EXERCISE DESCRIPTION
Quote word for word from the line holding "Görögország, Albánia autótérképe" to the last line below, including both, and omit any pictures.

DATA EXTRACT START

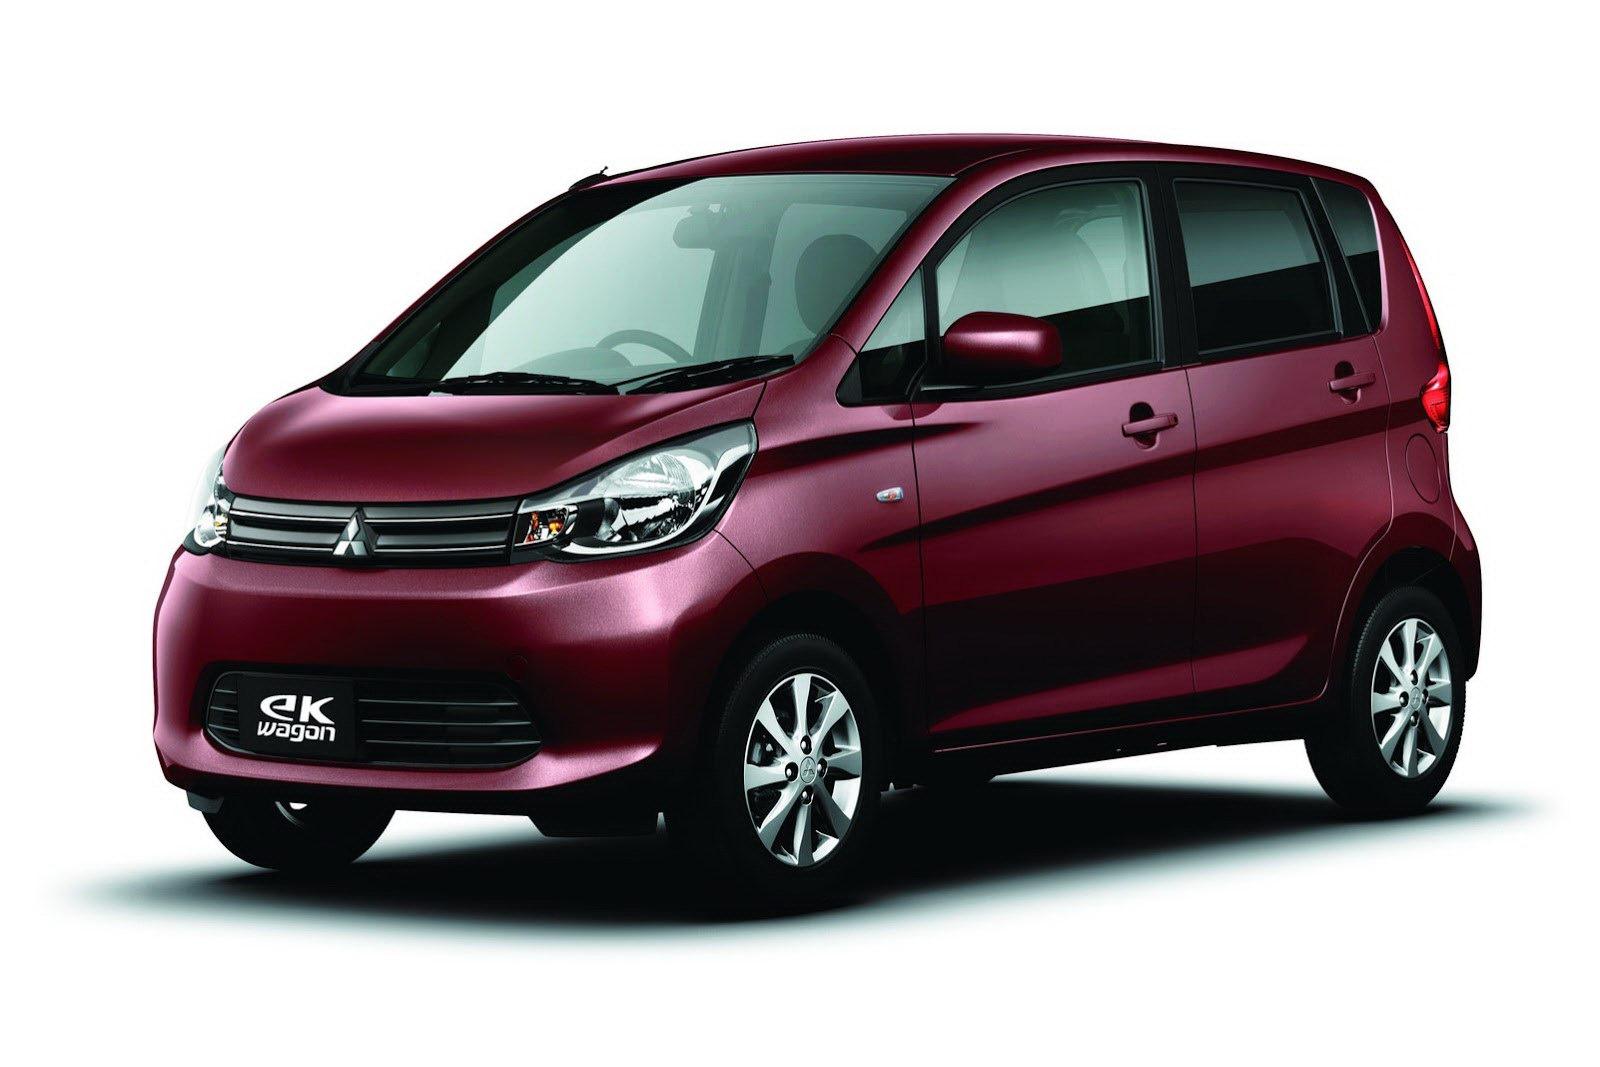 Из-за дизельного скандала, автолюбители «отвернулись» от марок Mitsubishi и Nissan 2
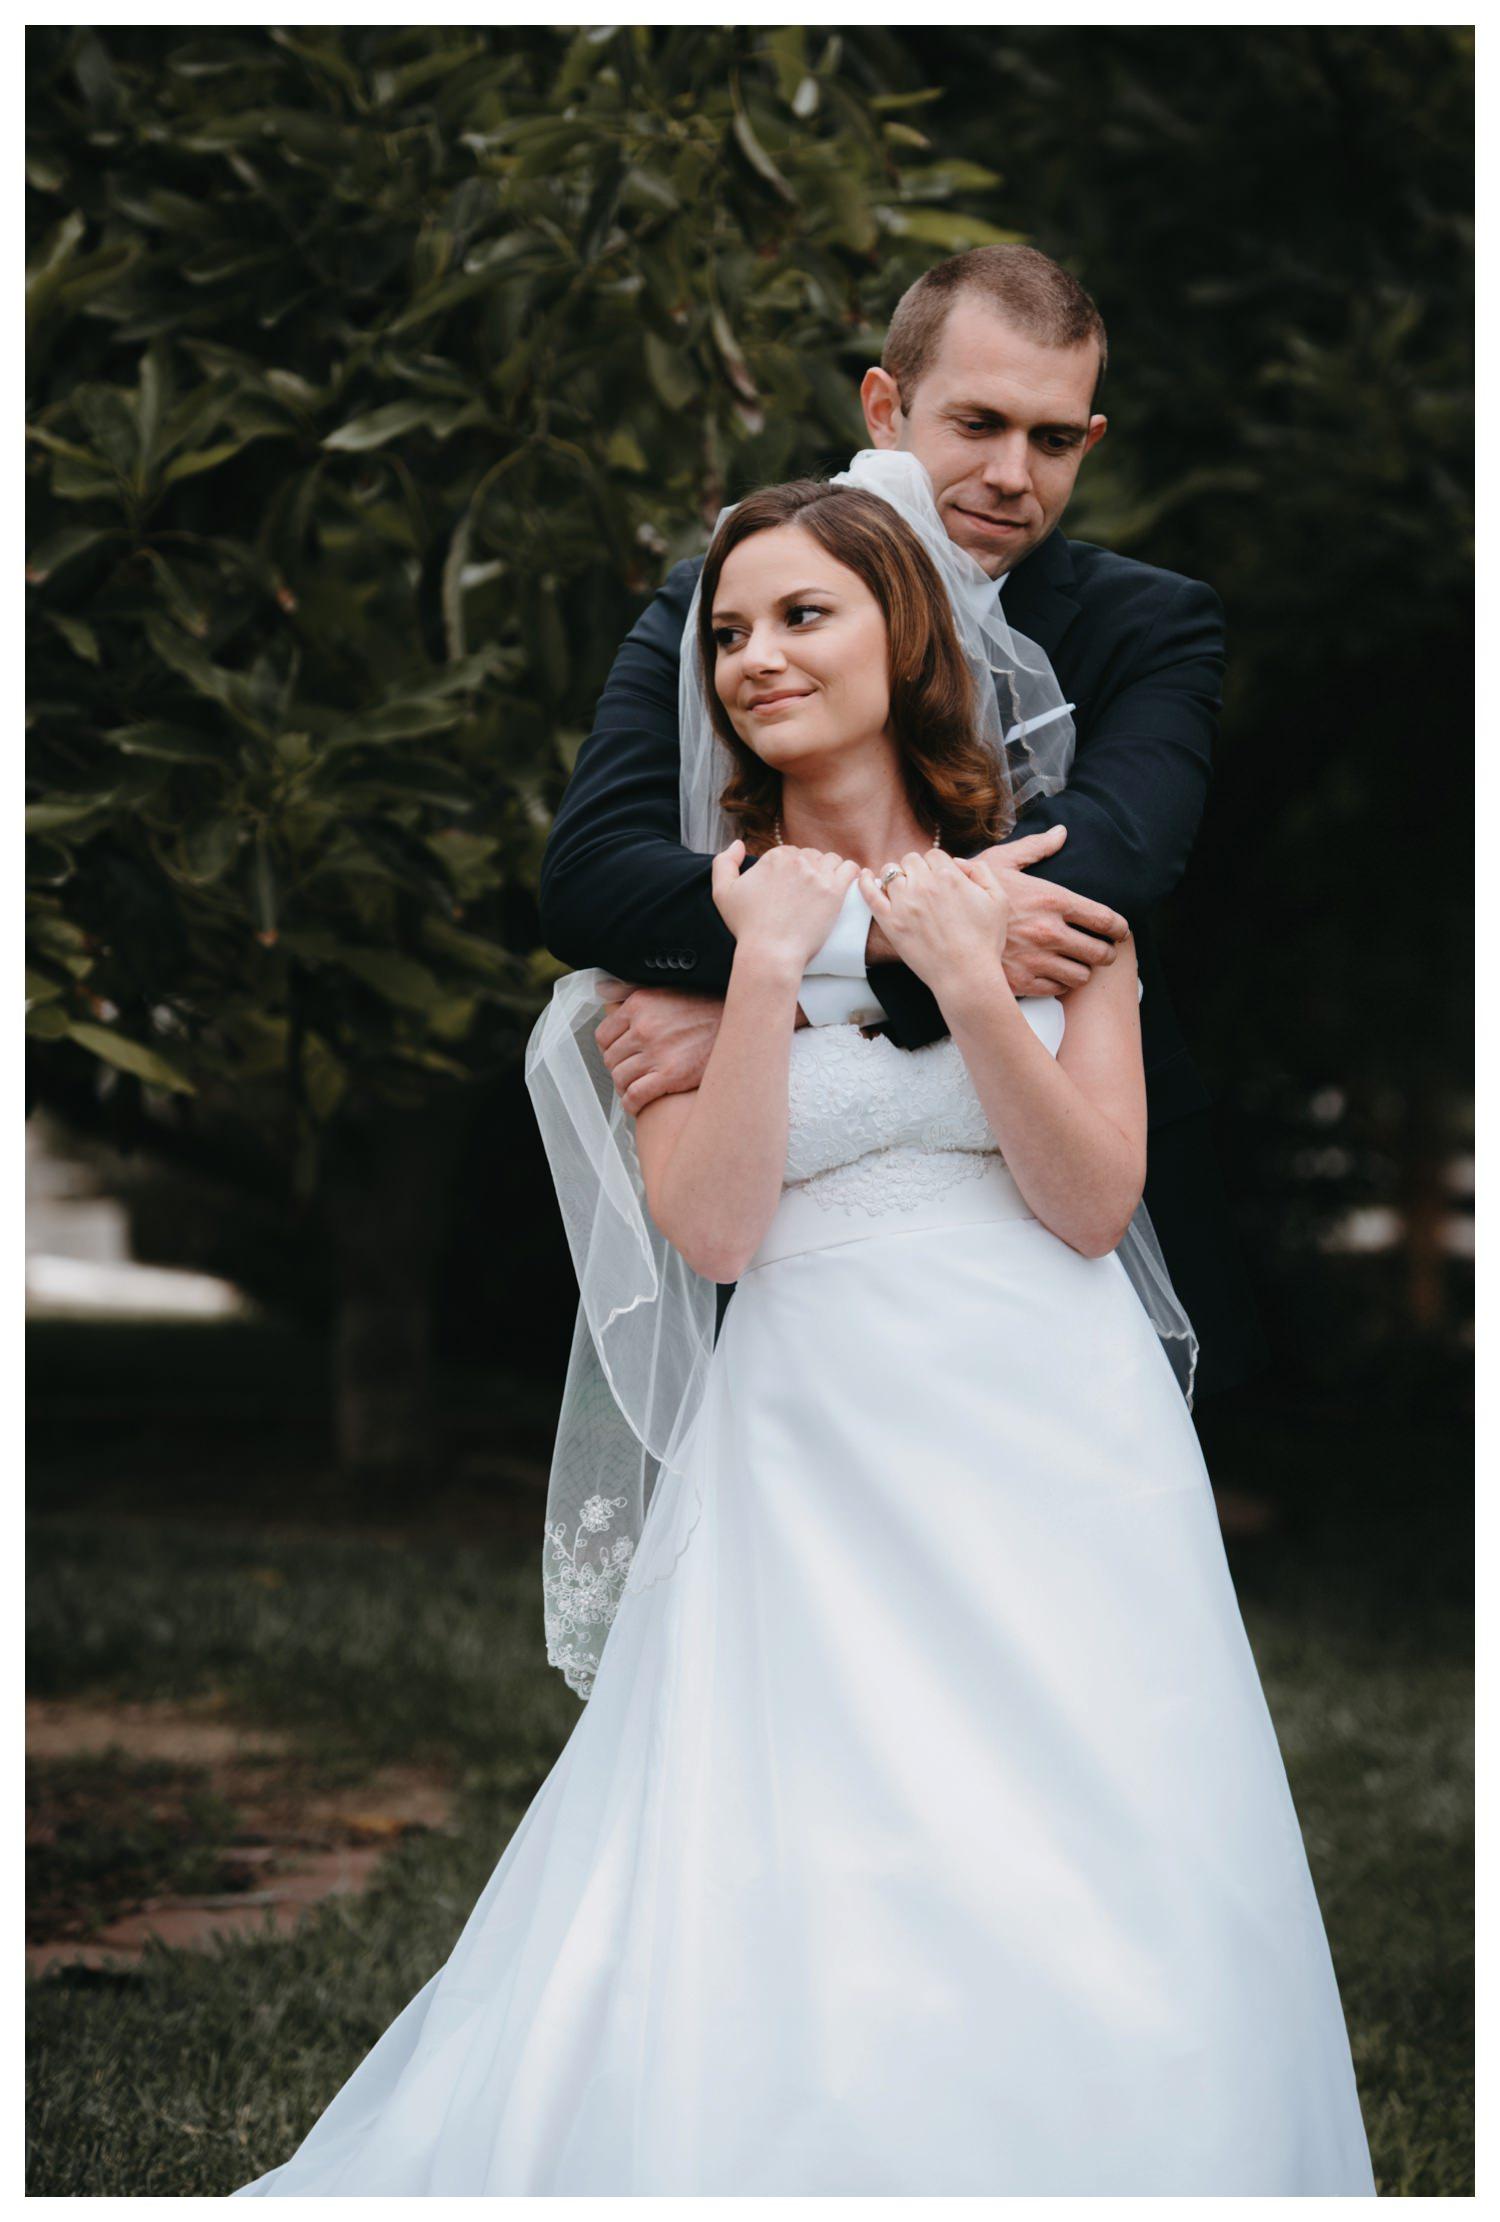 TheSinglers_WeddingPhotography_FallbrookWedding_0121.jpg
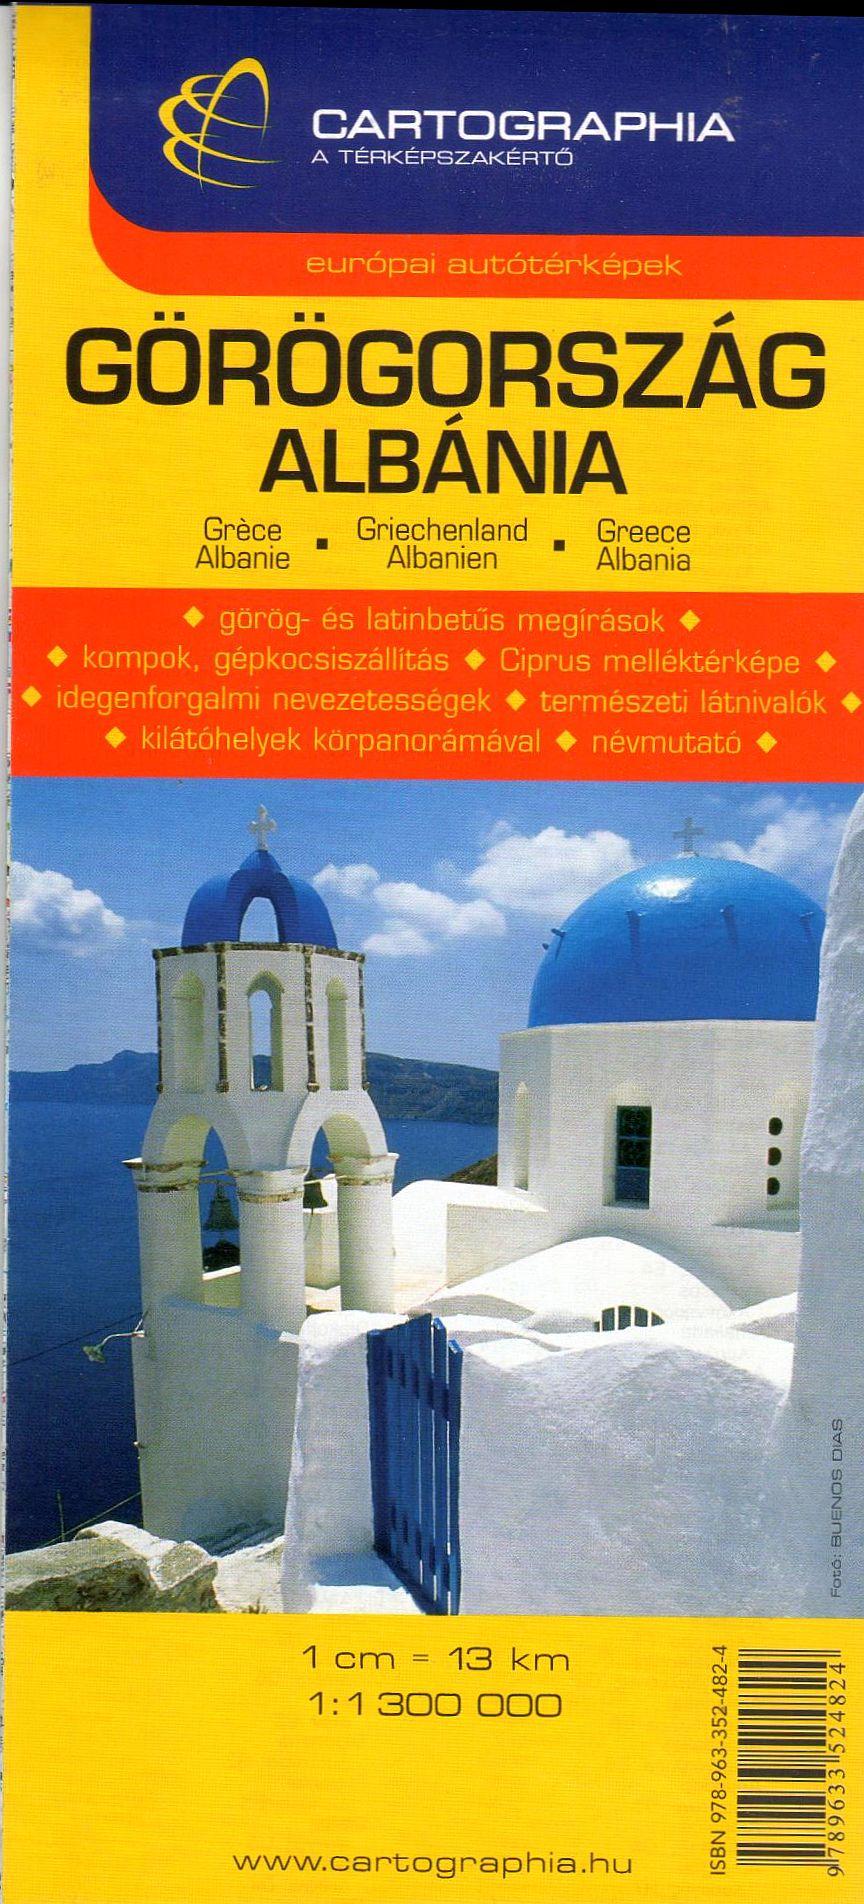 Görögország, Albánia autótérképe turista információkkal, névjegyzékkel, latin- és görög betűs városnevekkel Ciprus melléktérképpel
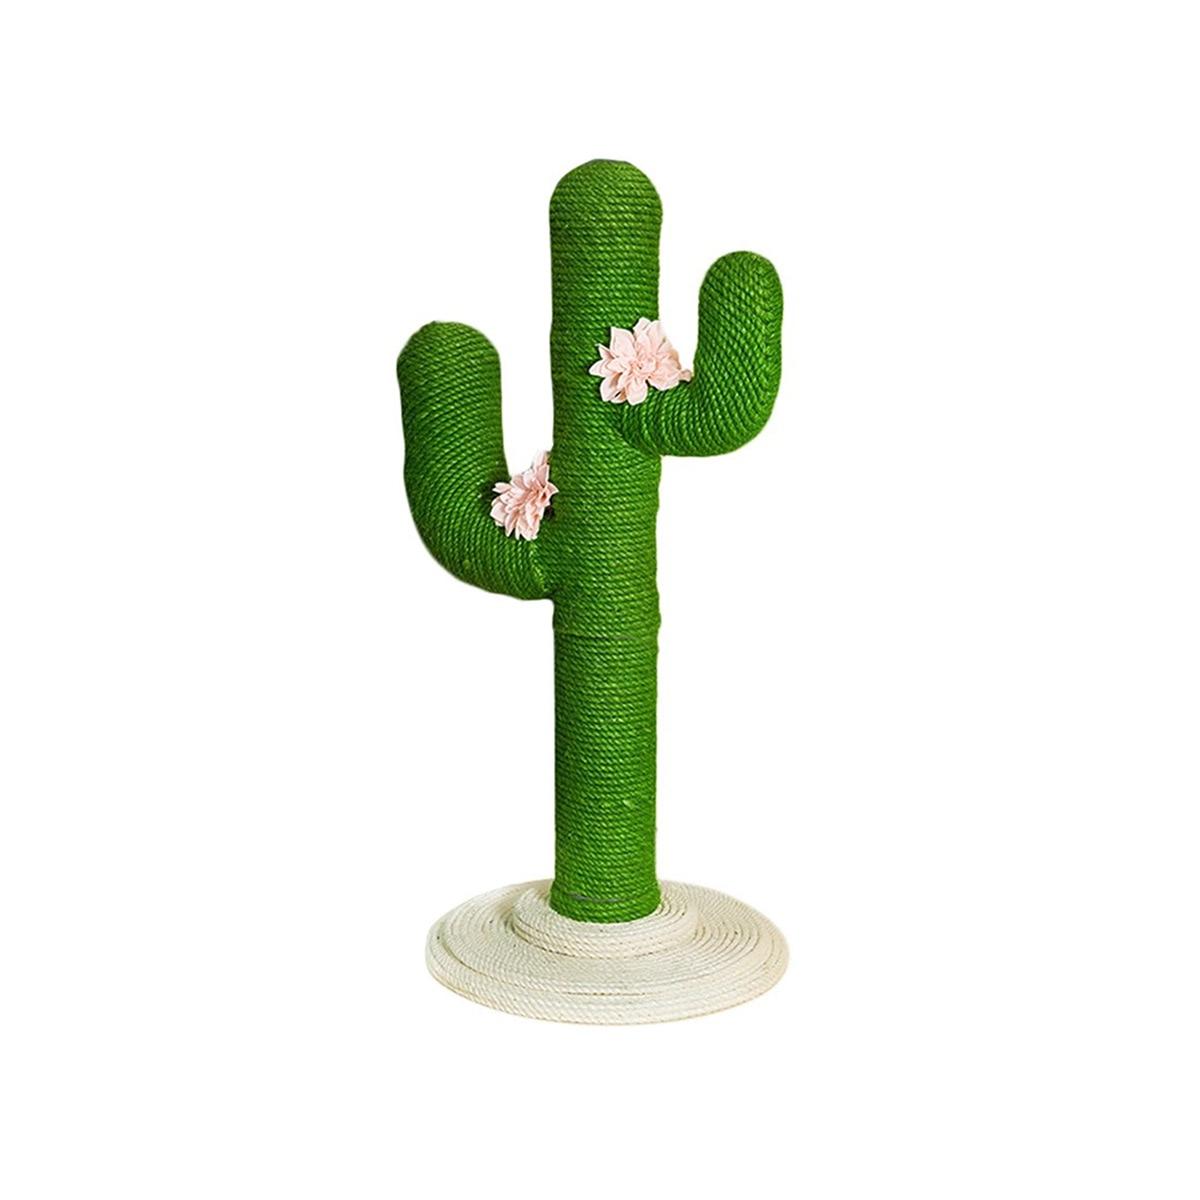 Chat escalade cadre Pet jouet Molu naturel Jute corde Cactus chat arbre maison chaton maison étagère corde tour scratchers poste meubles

DATA EXTRACT END

WRITTEN ANSWER
 Görögország, Albánia autótérképe turista információkkal, névjegyzékkel, latin- és görög betűs városnevekkel Ciprus melléktérképpel
 Chat escalade cadre Pet jouet Molu naturel Jute corde Cactus chat arbre maison chaton maison étagère corde tour scratchers poste meubles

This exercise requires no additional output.